The need to cope with the immediate realities of economic collapse and the resulting political protests have occupied the center stage of political interest for the past two years. But now President Ranil Wickremesinghe has brought the ethnic problem and reconciliation process back to the center stage of national politics, where it should be. The unresolved ethnic conflict continues to exert a baleful influence on the country’s efforts to respond to the economic and political crises. The belief that the ethnic conflict ended on the battlefields of Mullaitivu with the elimination of the LTTE leadership has long proved to be unfounded. The weakening of internal and overt Tamil resistance to domination by the centralised state has been accompanied by a strengthening of external interventions.
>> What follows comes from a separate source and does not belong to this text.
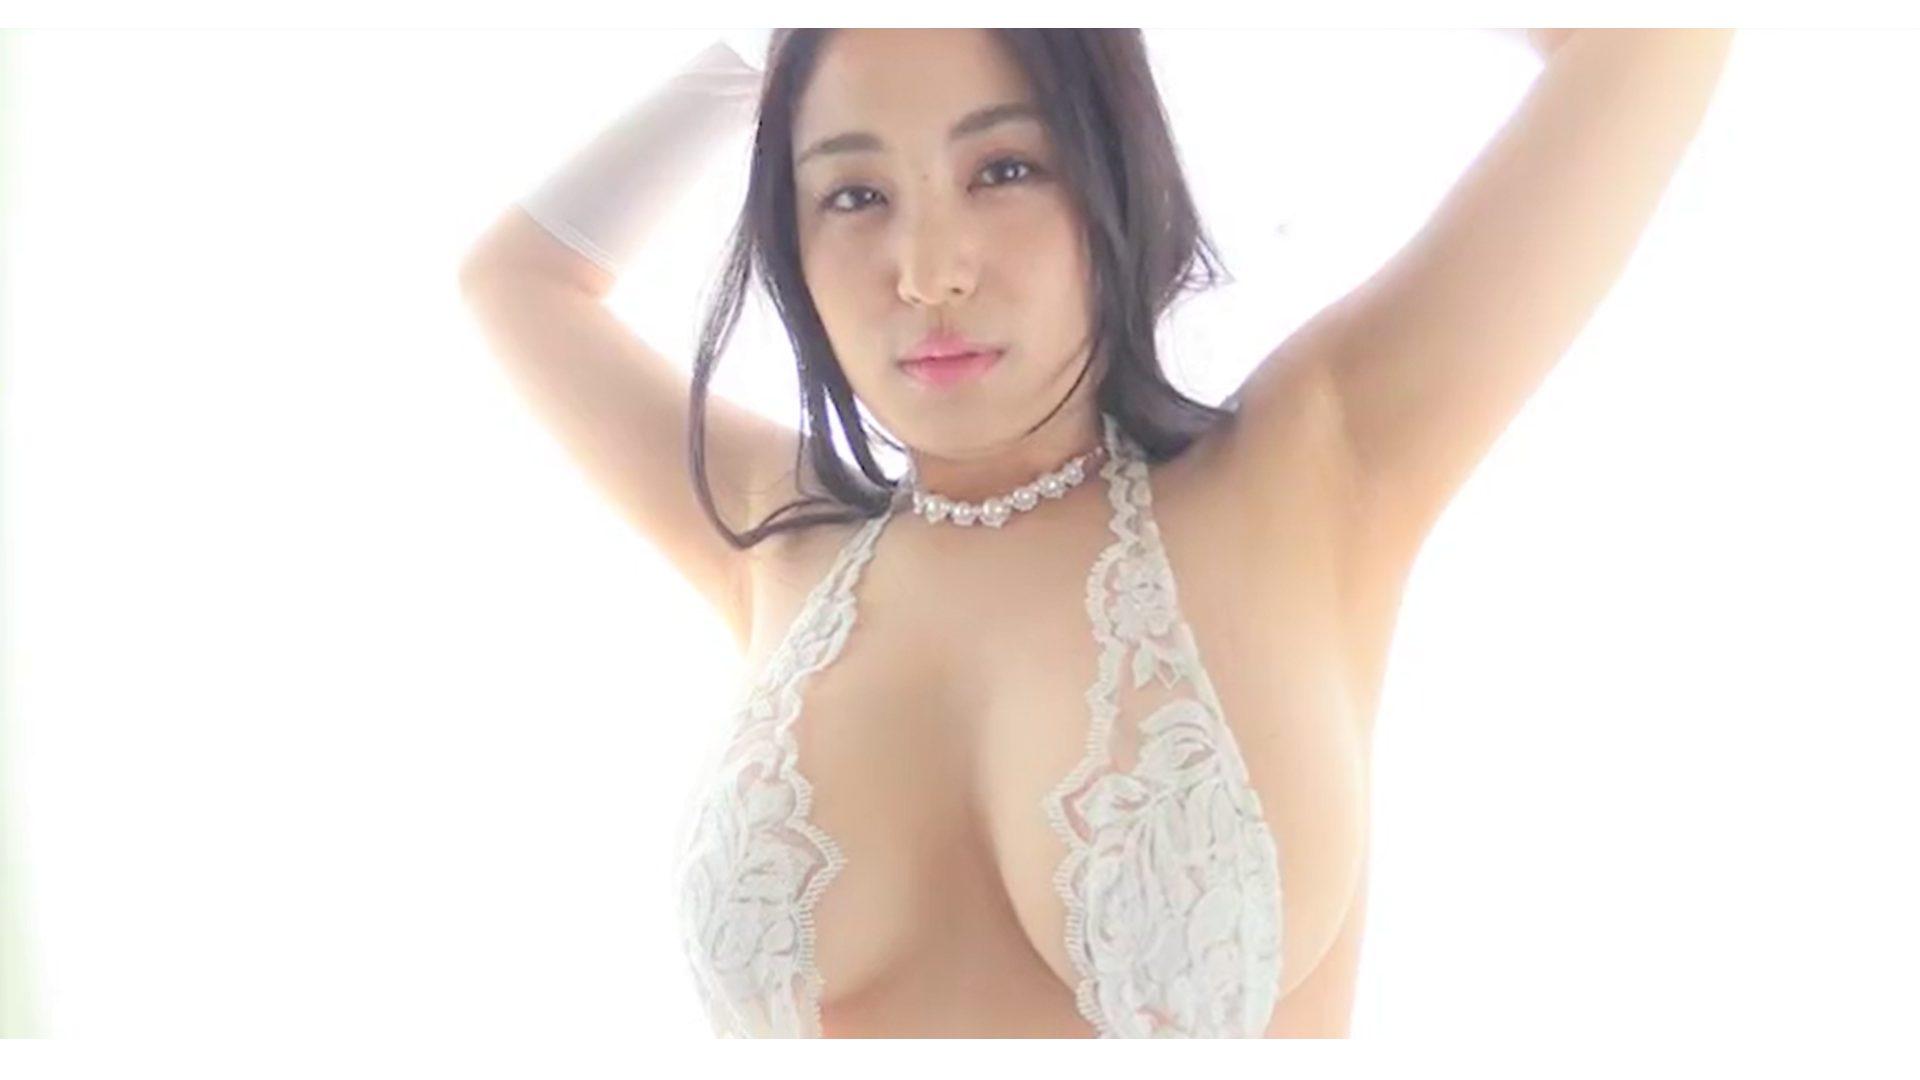 【トロたん】Hカップ4 「耽溺」サンプル動画
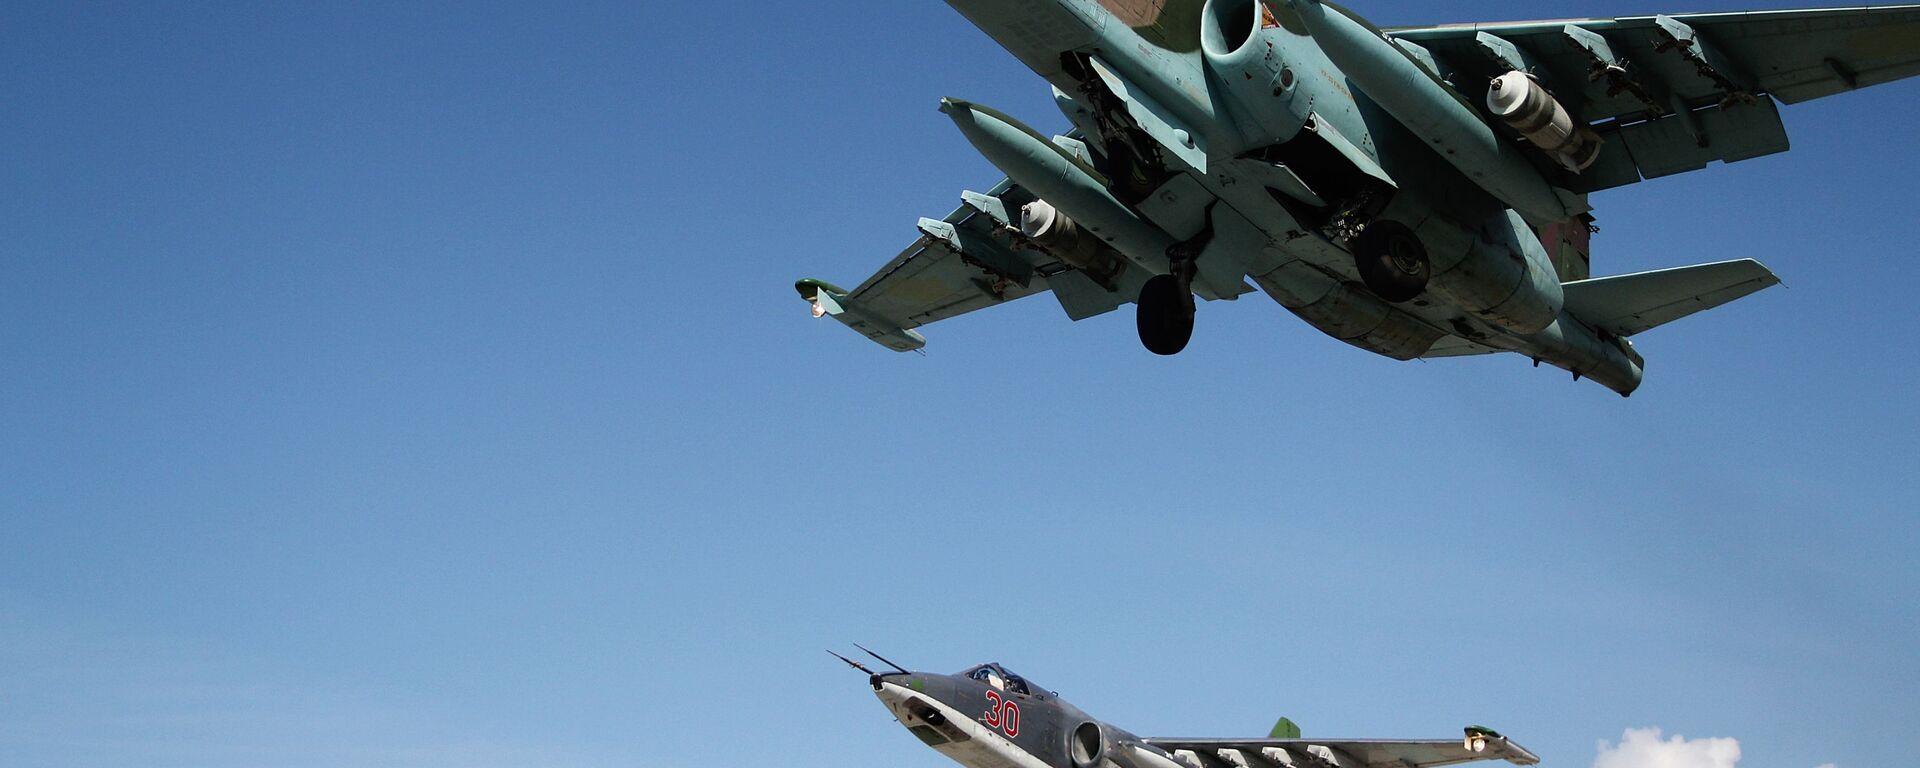 Rosyjskie samoloty szturmowe Su-25 startują z bazy lotniczej Hmeimim w Syrii - Sputnik Polska, 1920, 28.07.2021

President Ranil Wickremesinghe has announced that he will convene a meeting with all political parties to decide on the implementation of the 13th Amendment in full or in part. Shortly after being elected president by parliament he pledged to resolve the ethnic conflict and take the burden off the shoulders of future generations. As part of his solution he referred to the need to fully implement the 13th Amendment, including the devolution of police and land powers that successive governments have not been willing to do in contravention of the constitutional clauses that necessitate them to do so. He responded to criticisms of his stance with intellectual clarity and pointed out that the devolution of police and land powers is already a part of the constitution, and if they were not to be implemented legally parliament needed to abolish them with a two-thirds majority.